### Input records
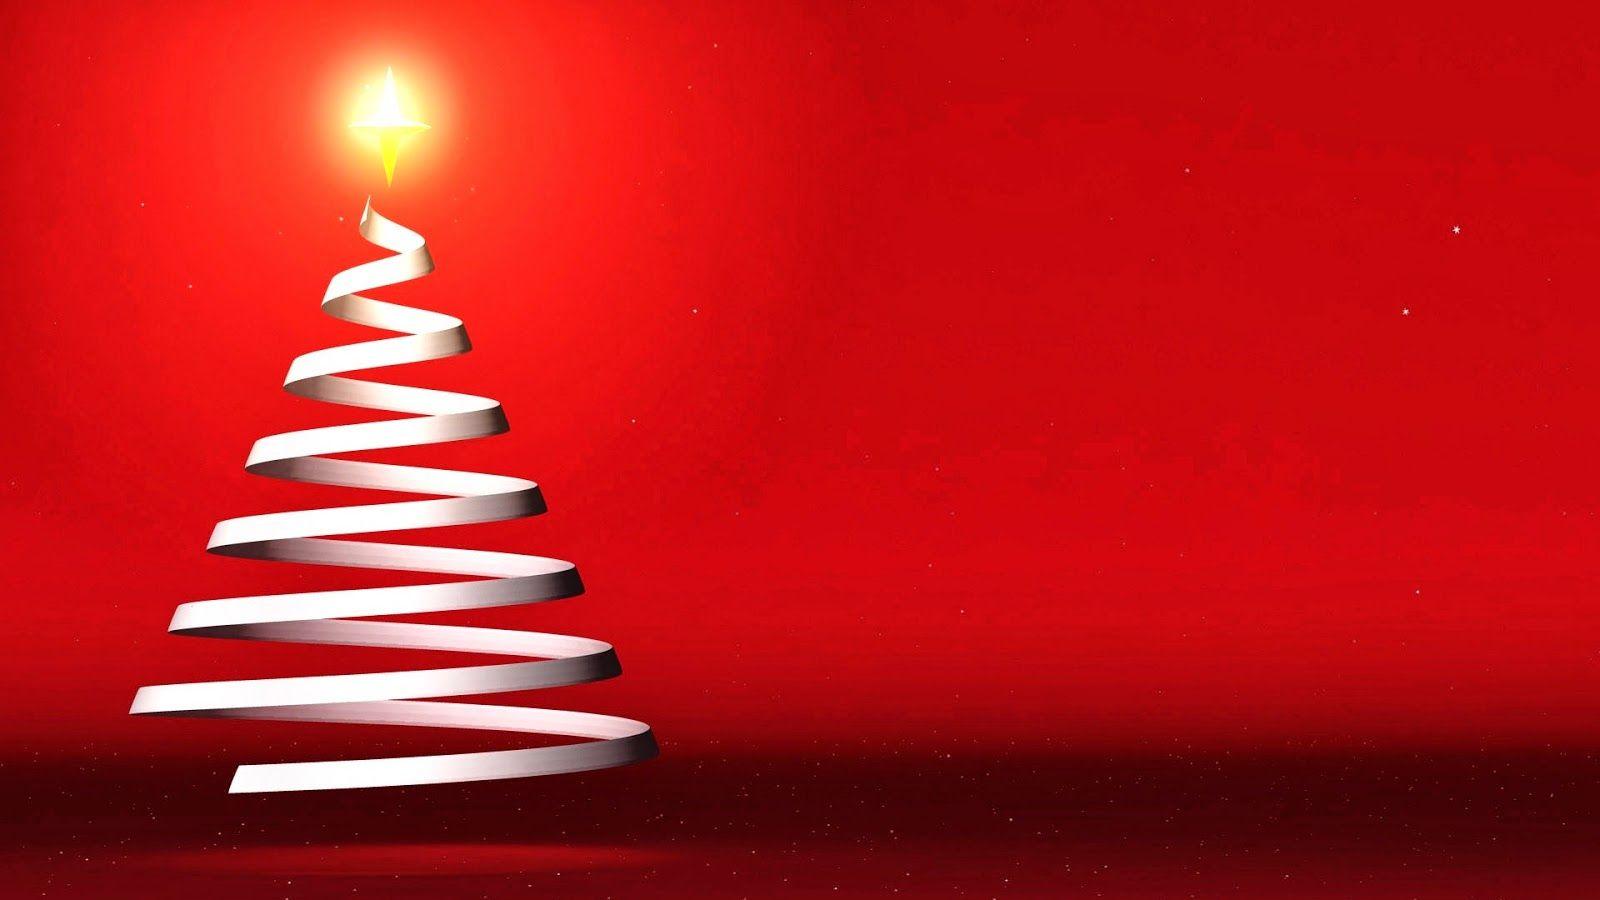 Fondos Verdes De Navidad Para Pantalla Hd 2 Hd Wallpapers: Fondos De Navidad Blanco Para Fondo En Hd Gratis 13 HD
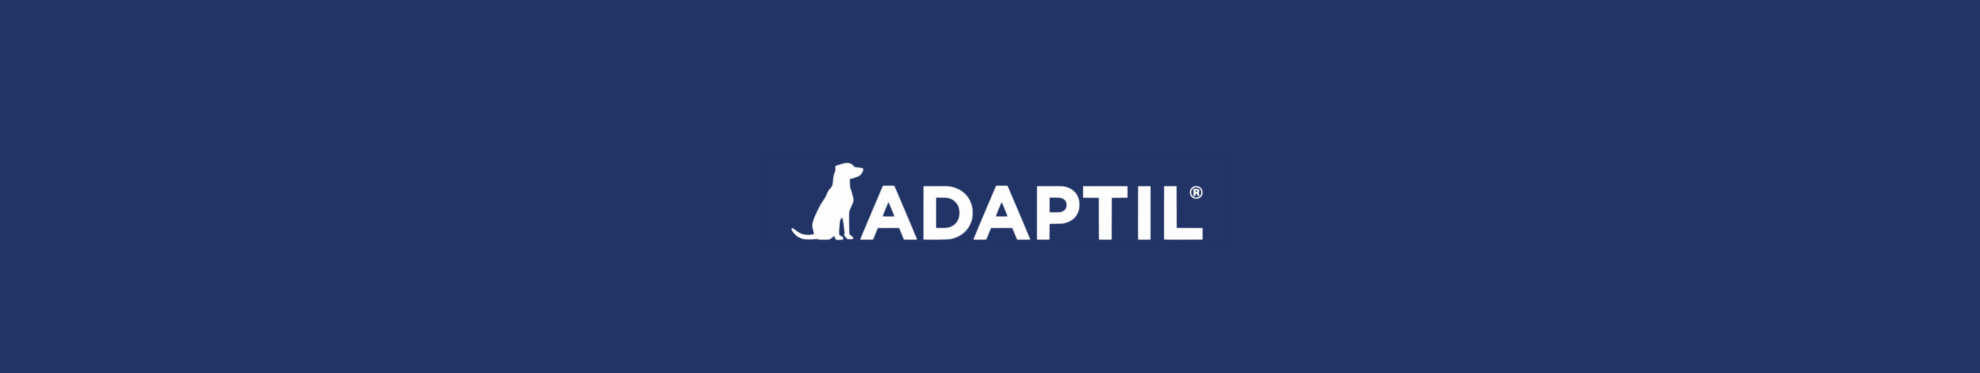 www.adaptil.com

---

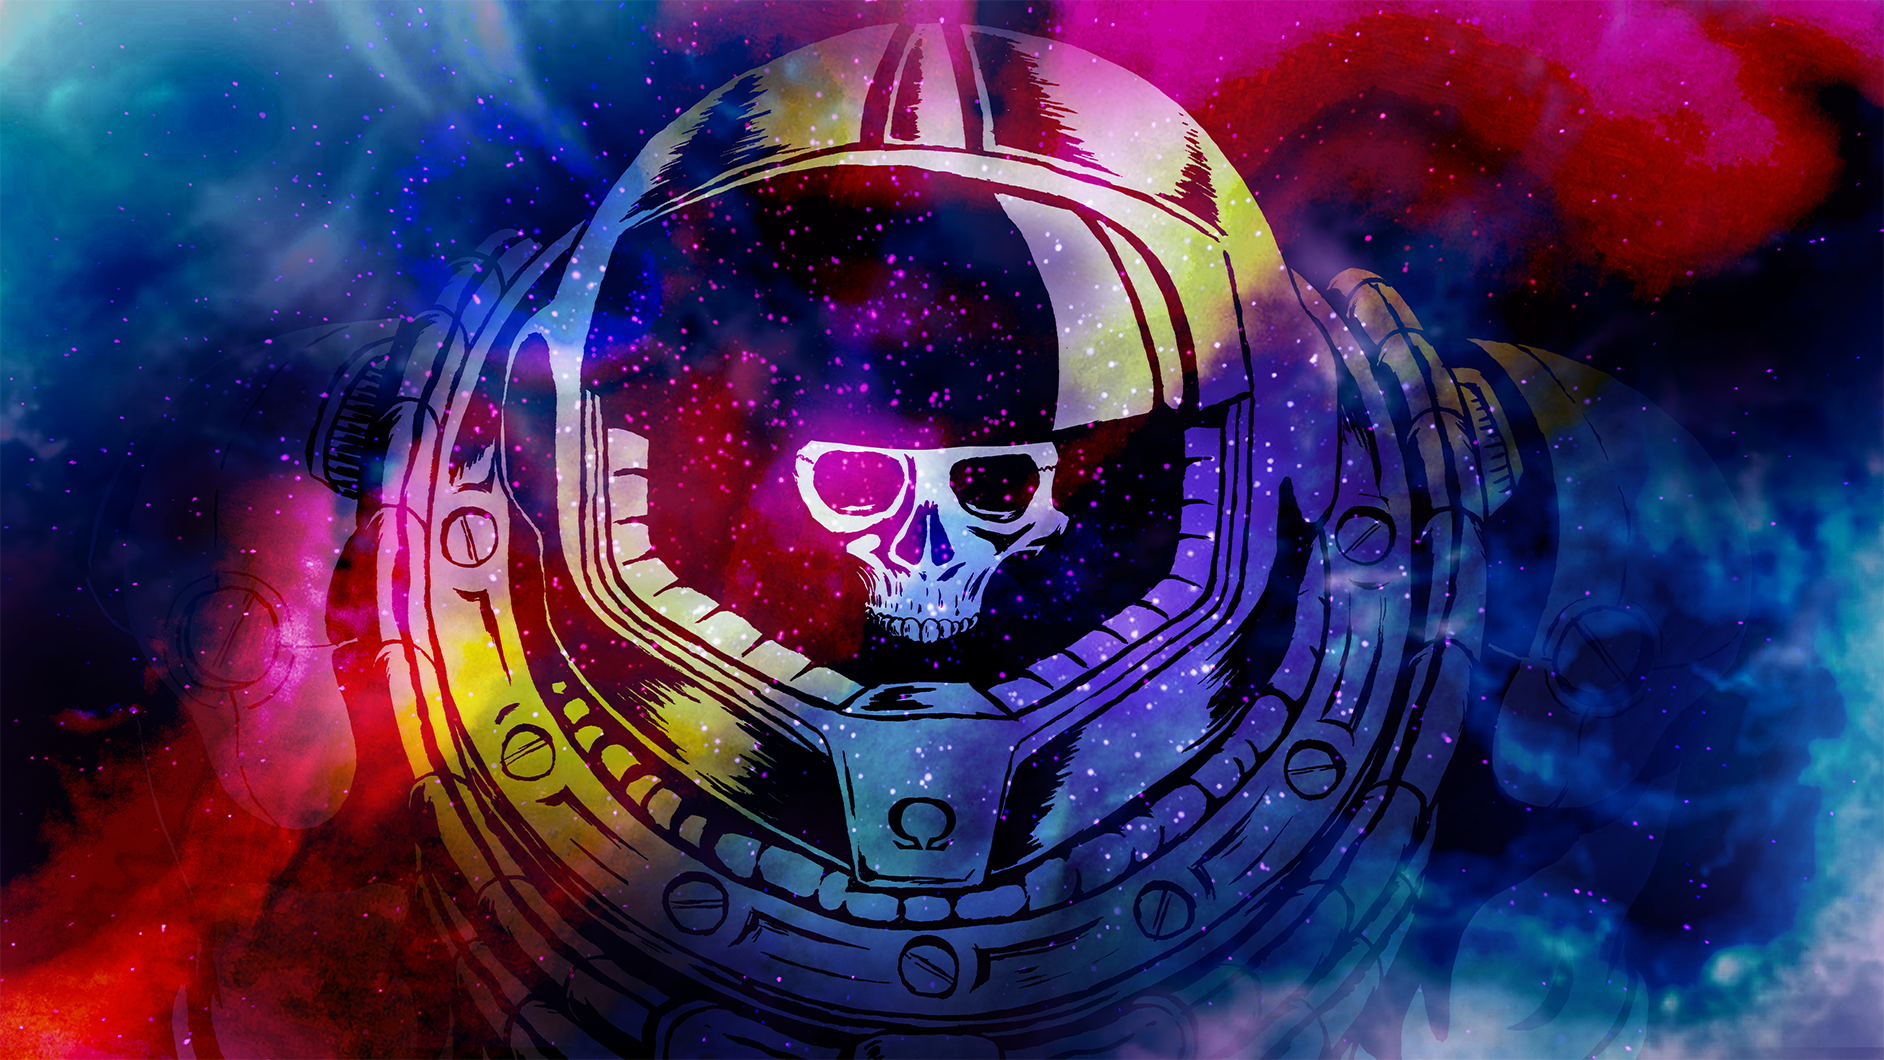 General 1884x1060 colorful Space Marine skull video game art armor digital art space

### Task directions
Using the entries above, reproduce word for word only the lines from the one that contains "Fondos Verdes De" to the one that contains "www.adaptil.com", both ends included, and drop every picture.

### Task output
 Fondos Verdes De Navidad Para Pantalla Hd 2 Hd Wallpapers: Fondos De Navidad Blanco Para Fondo En Hd Gratis 13 HD
 www.adaptil.com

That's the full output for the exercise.